The Guthrie court acknowledged that “[s]ome courts have found that expert testimony based upon adverse event reports is likely inadmissible as unreliable because such opinion testimony is not based upon sufficient facts and data.”  2014 U.S. Dist. LEXIS 148900 at *13.  It is nice that the Guthrie court was aware of the smart, good, fair cases.  But, sadly, the Guthrie court was more moved by the dumb, awful, and wretched  cases:   “Other courts have found that such adverse event reports are reliable and an adequate scientific basis for expert testimony, given that such reports are often the only data available, and they are widely relied upon by both the FDA and experts in the industry.”  Id. at *14.  Which experts, exactly?  How many of them cavort around the country, singing loudly from sheet music placed in front of their snouts by plaintiff lawyers?  Anyway, as if purposely to administer injury and insult to this very blog, the Guthrie court cites an opinion from the Gadolimium-Based Contrast Agents litigation, that selfsame litigation that prompted Bexis to erupt into a post on “spherical error.” We’re not entirely certain what spherical error is, but it sounds pretty bad. 

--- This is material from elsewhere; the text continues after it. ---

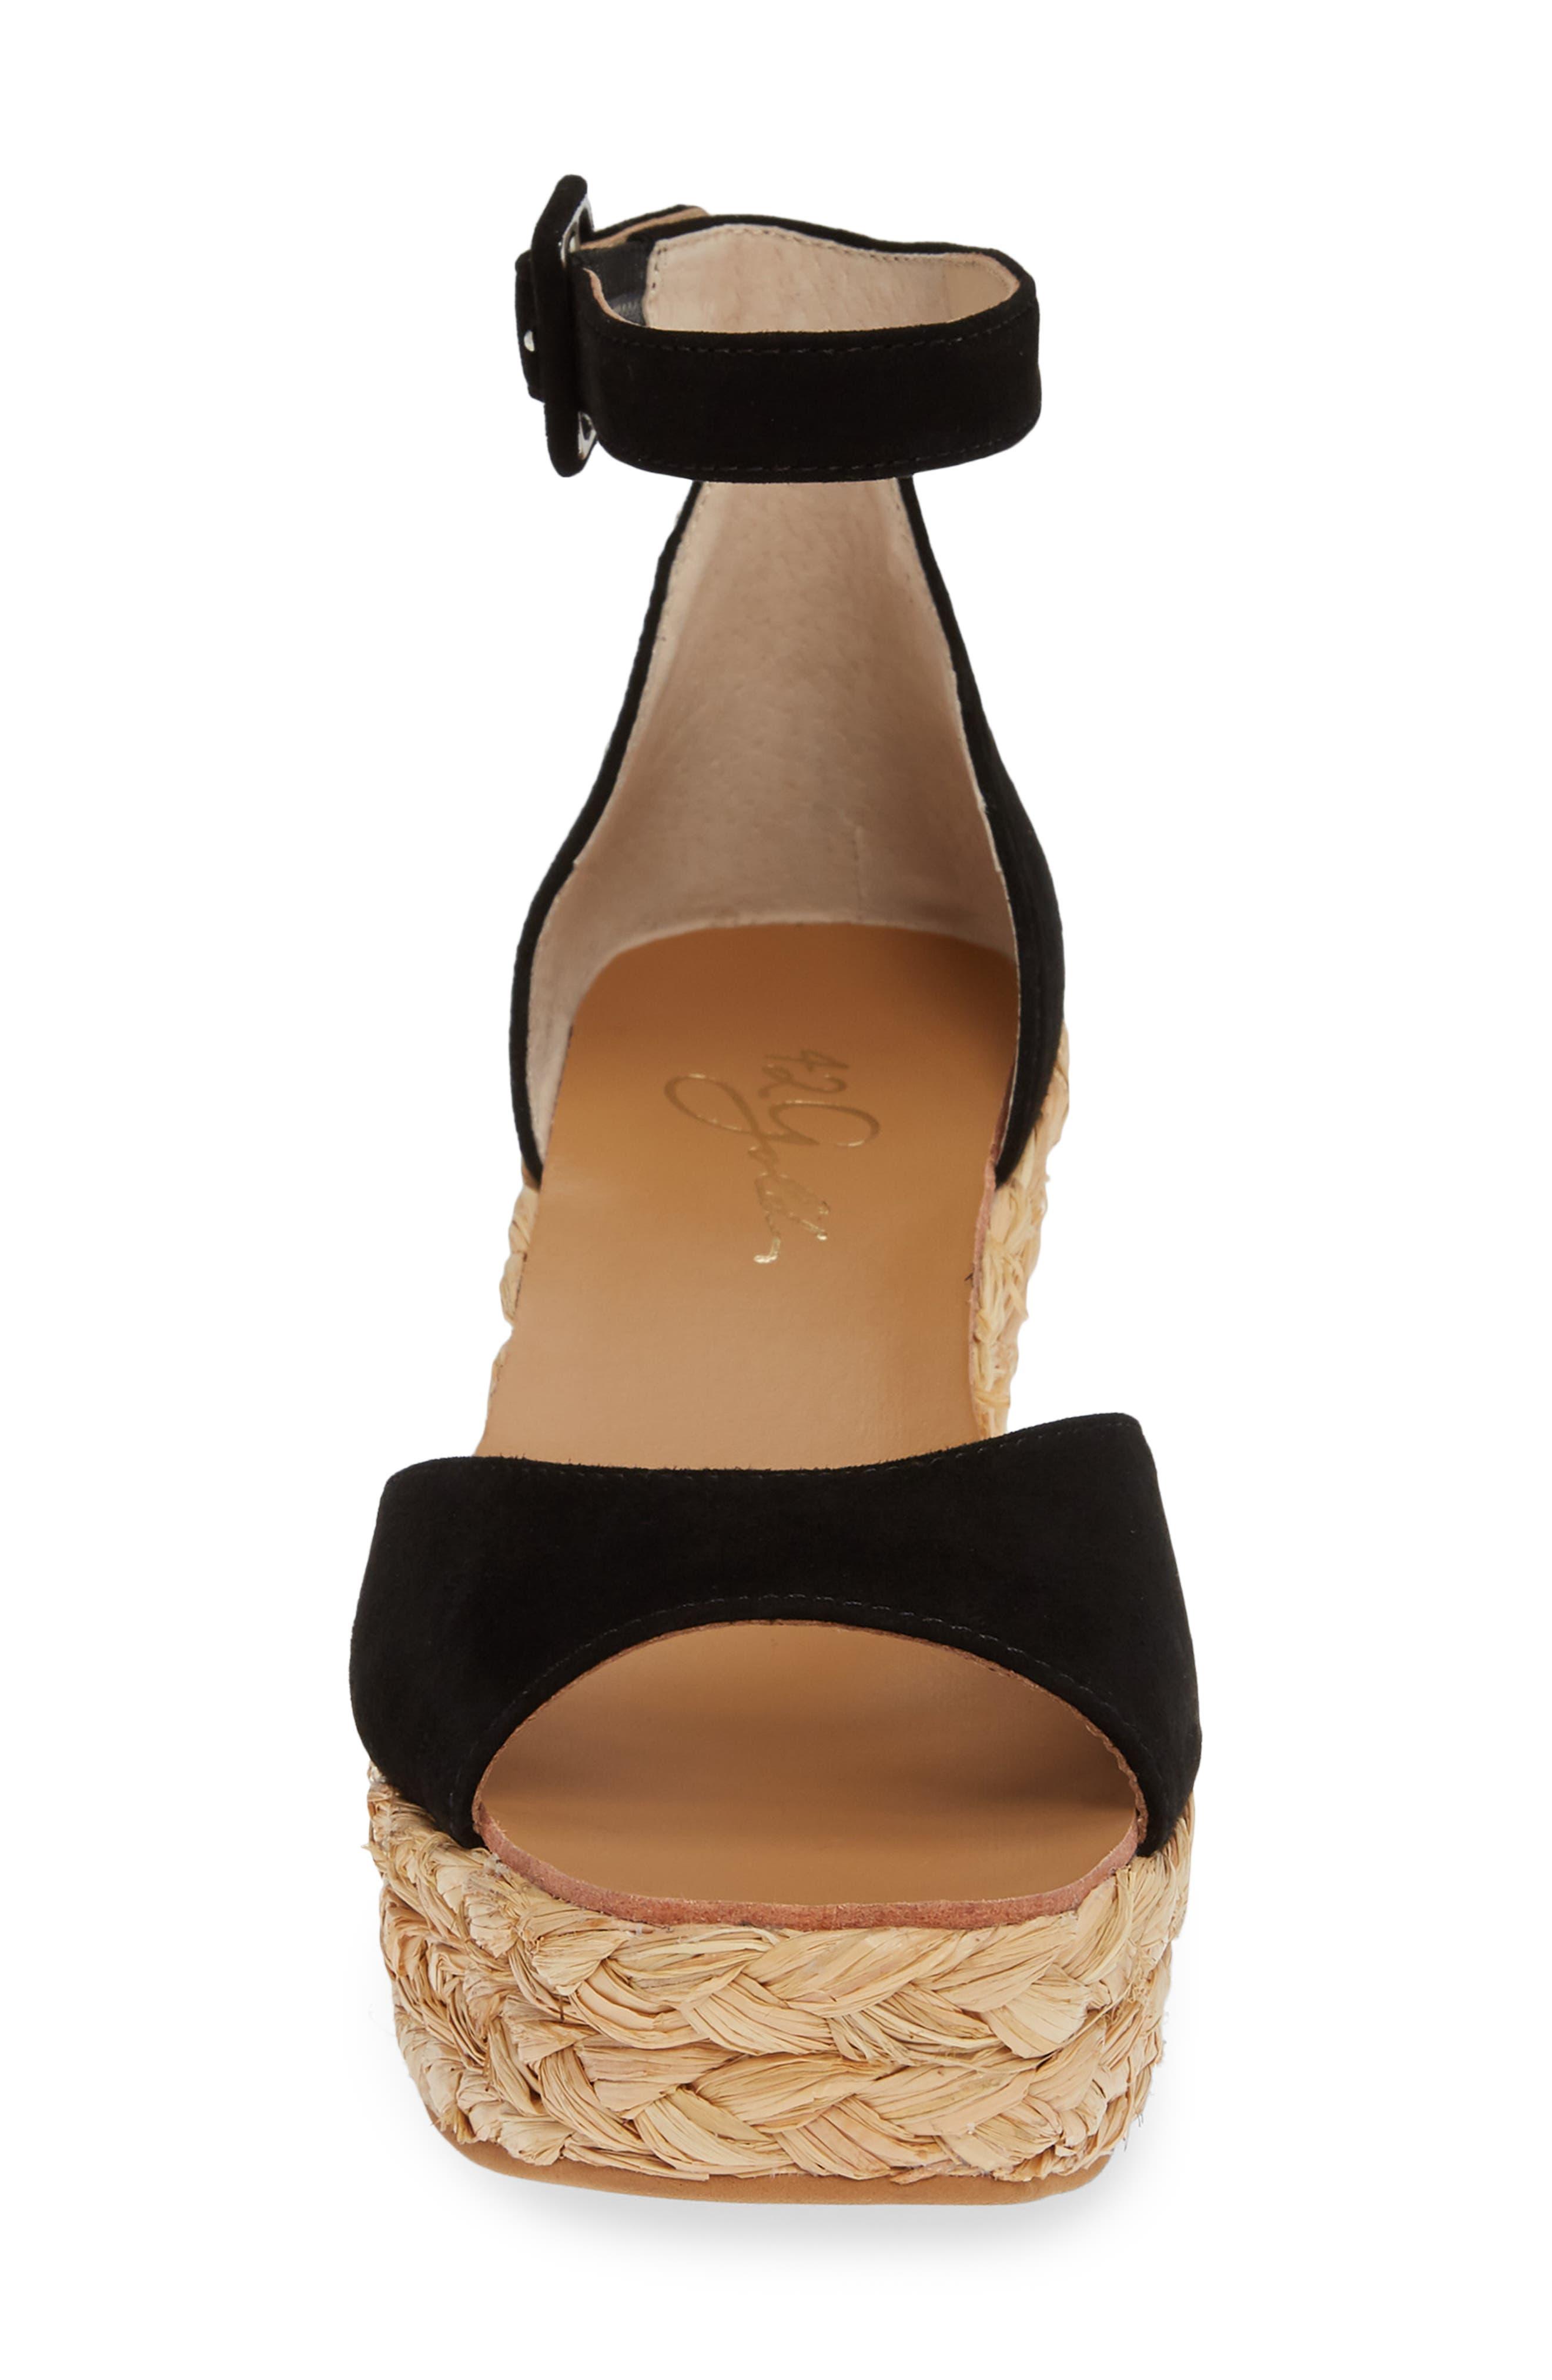 42 GOLD, Mindie Platform Wedge Sandal, Alternate thumbnail 4, color, BLACK SUEDE
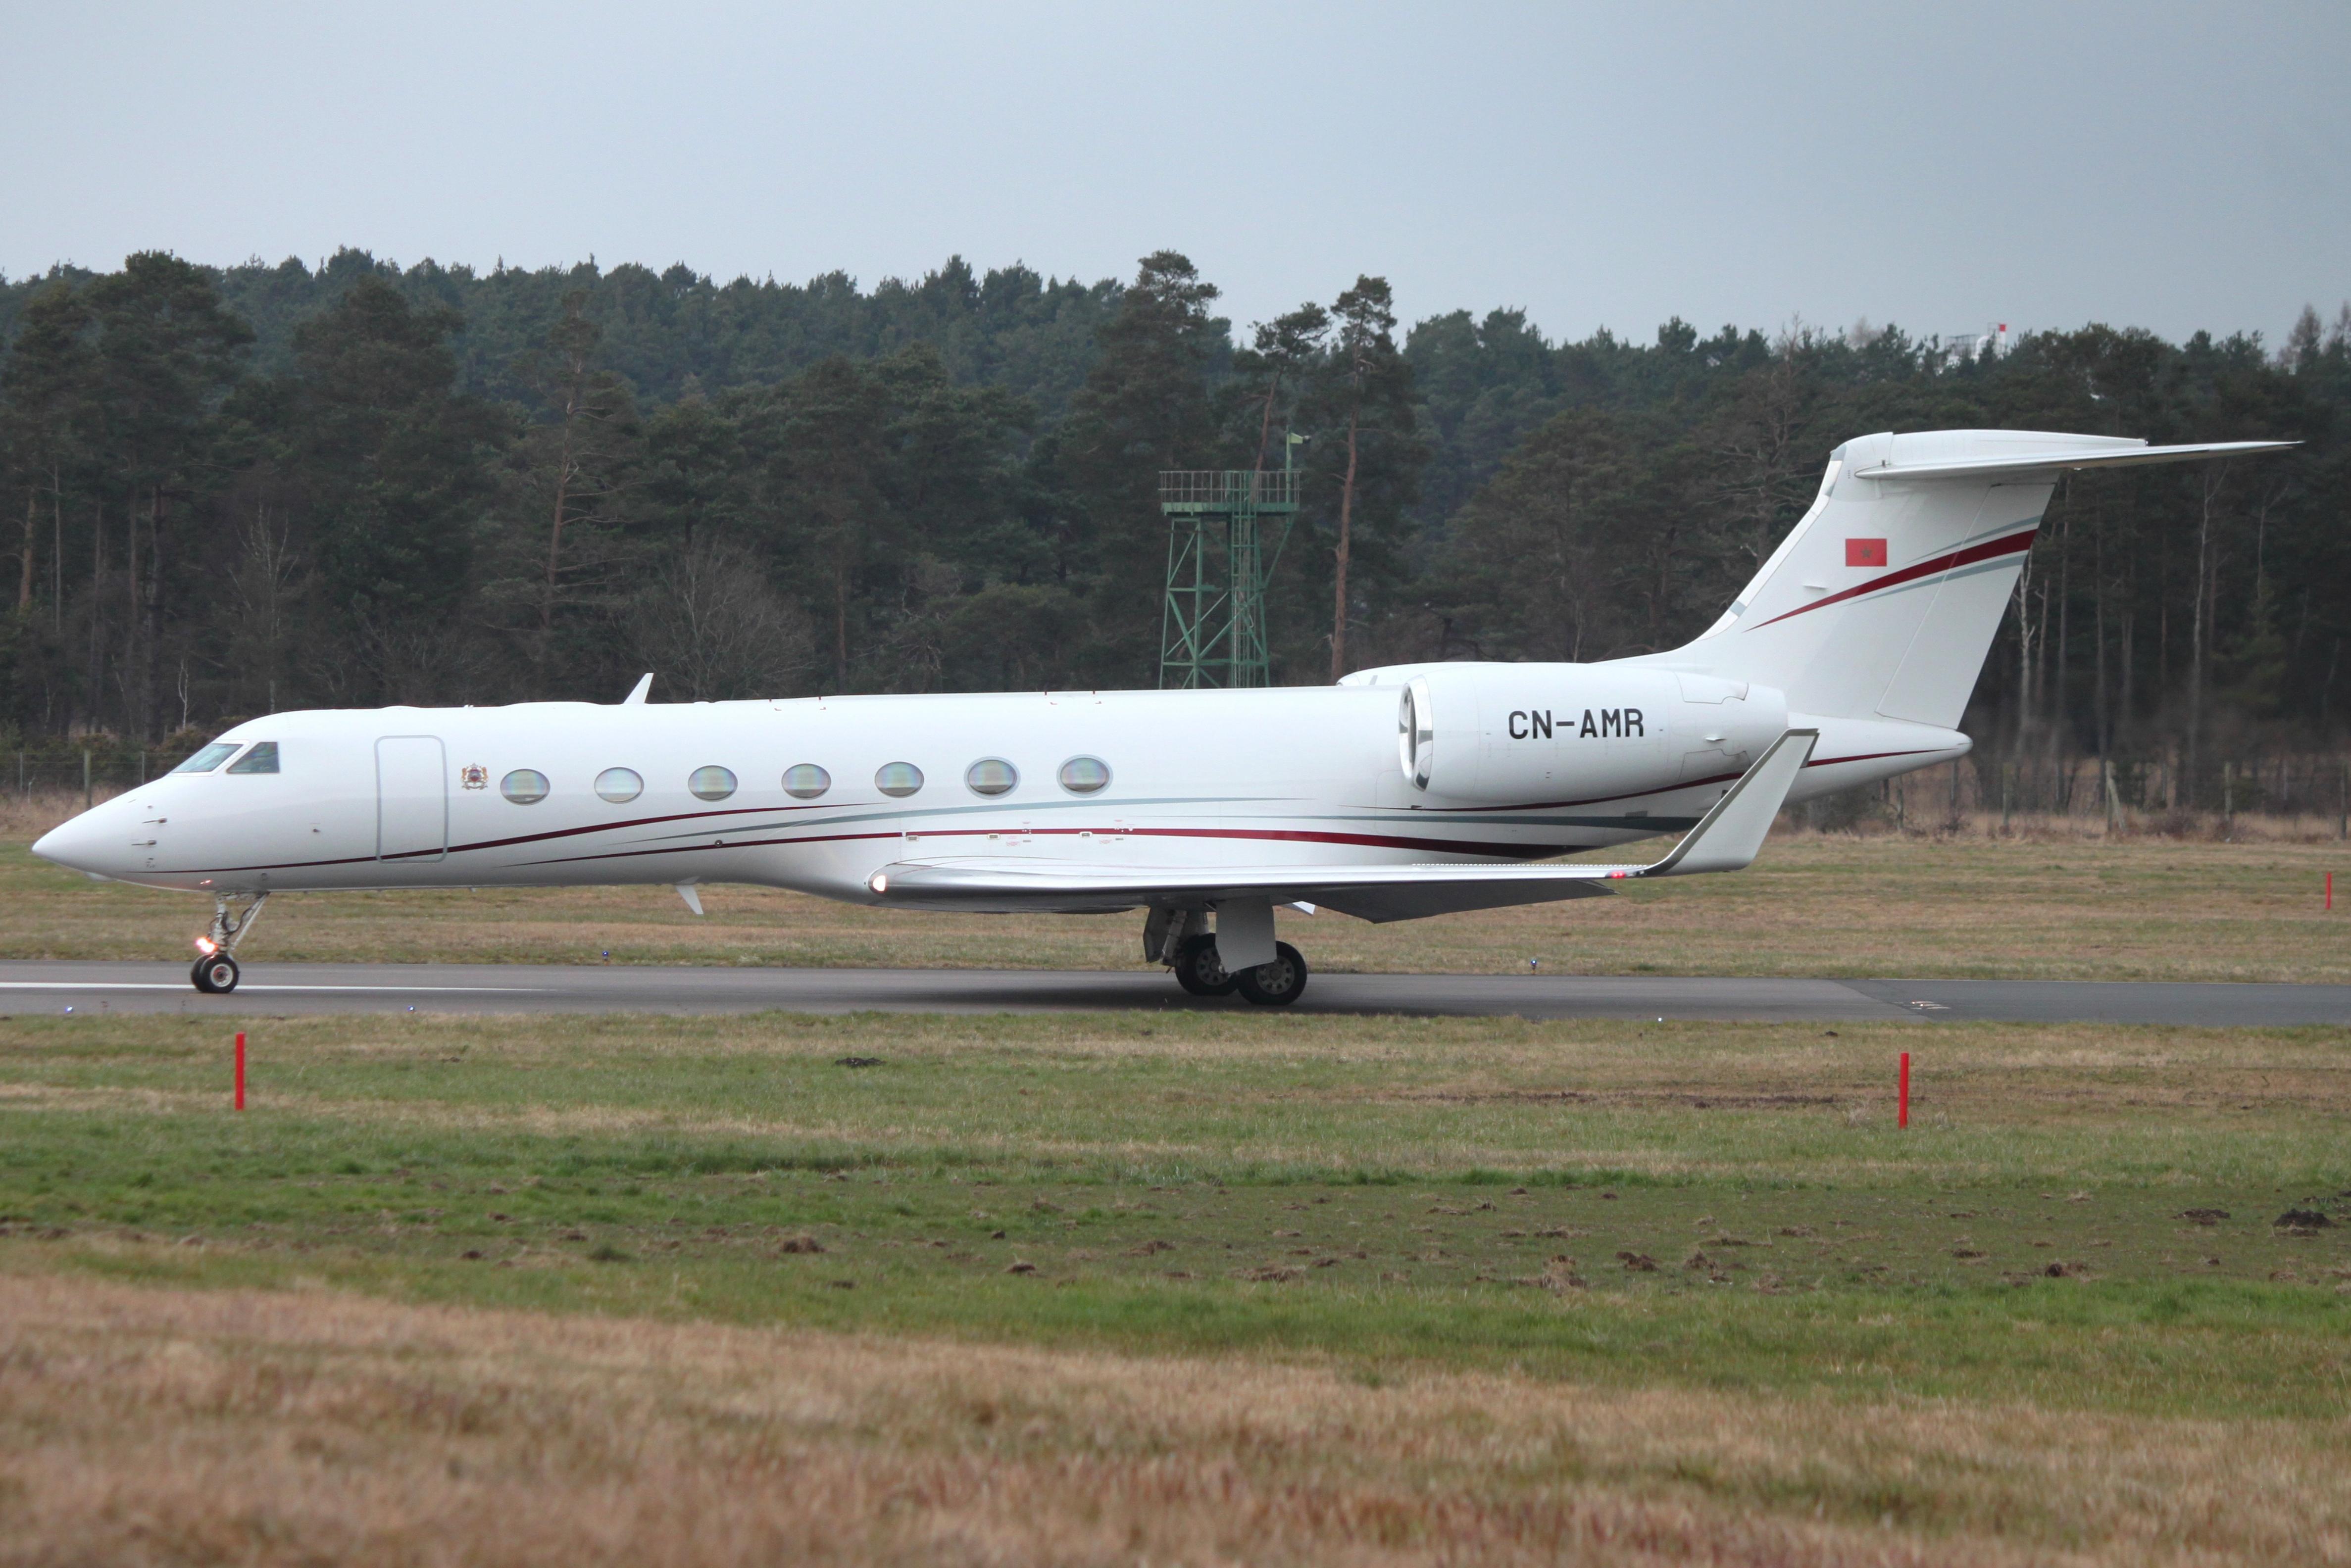 FRA: Avions VIP, Liaison & ECM - Page 19 40597343122_568bbcbdaa_o

The defendant in Guthrie mounted a spirited attack on the reliability of adverse event reports, but the court seemed comfortable with its error, whether such error was spherical, triangular, or trapezoidal.  Thus, the court did not believe that reliance upon a peer-reviewed article was a necessary requirement in establishing reliability.  Id. at *15. The court held that there is no authority to support the limitation of Rule 803(8)’s public records exception to only epidemiological studies or accident investigations, because “no formal proceedings are necessary to satisfy the prerequisites of the rule.”  Id. Further, the form of the record is not determinative of their admissibility, because the “indicia of reliability for the governmental investigative report is the fact that it is prepared pursuant to a duty imposed by law.”  Id.  It was enough that the FDA Alert “was based on the FDA’s investigation into adverse event reports which had been filed regarding the association between fentanyl patches, including Duragesic branded patches, with fatal respiratory depression from fentanyl overdose.”  Id. at *15-16.  [Speaking of finding an association, we cannot resist pointing out that there appears to be an association between fentanyl patch cases and dreadful judicial opinions.  One such case was selected by us as the single worst case of 2011.]  That’s all it took for the court to conclude “that the FDA Alert is admissible as a public records exception to the hearsay bar under Rule 803(8).”  Id.at *16. 

In the private sector, when someone jokingly admits that they did a less-than-thorough job, they sometimes use the phrase “close enough for government work.”  The Guthriecourt really took that notion to heart – without understanding the joke.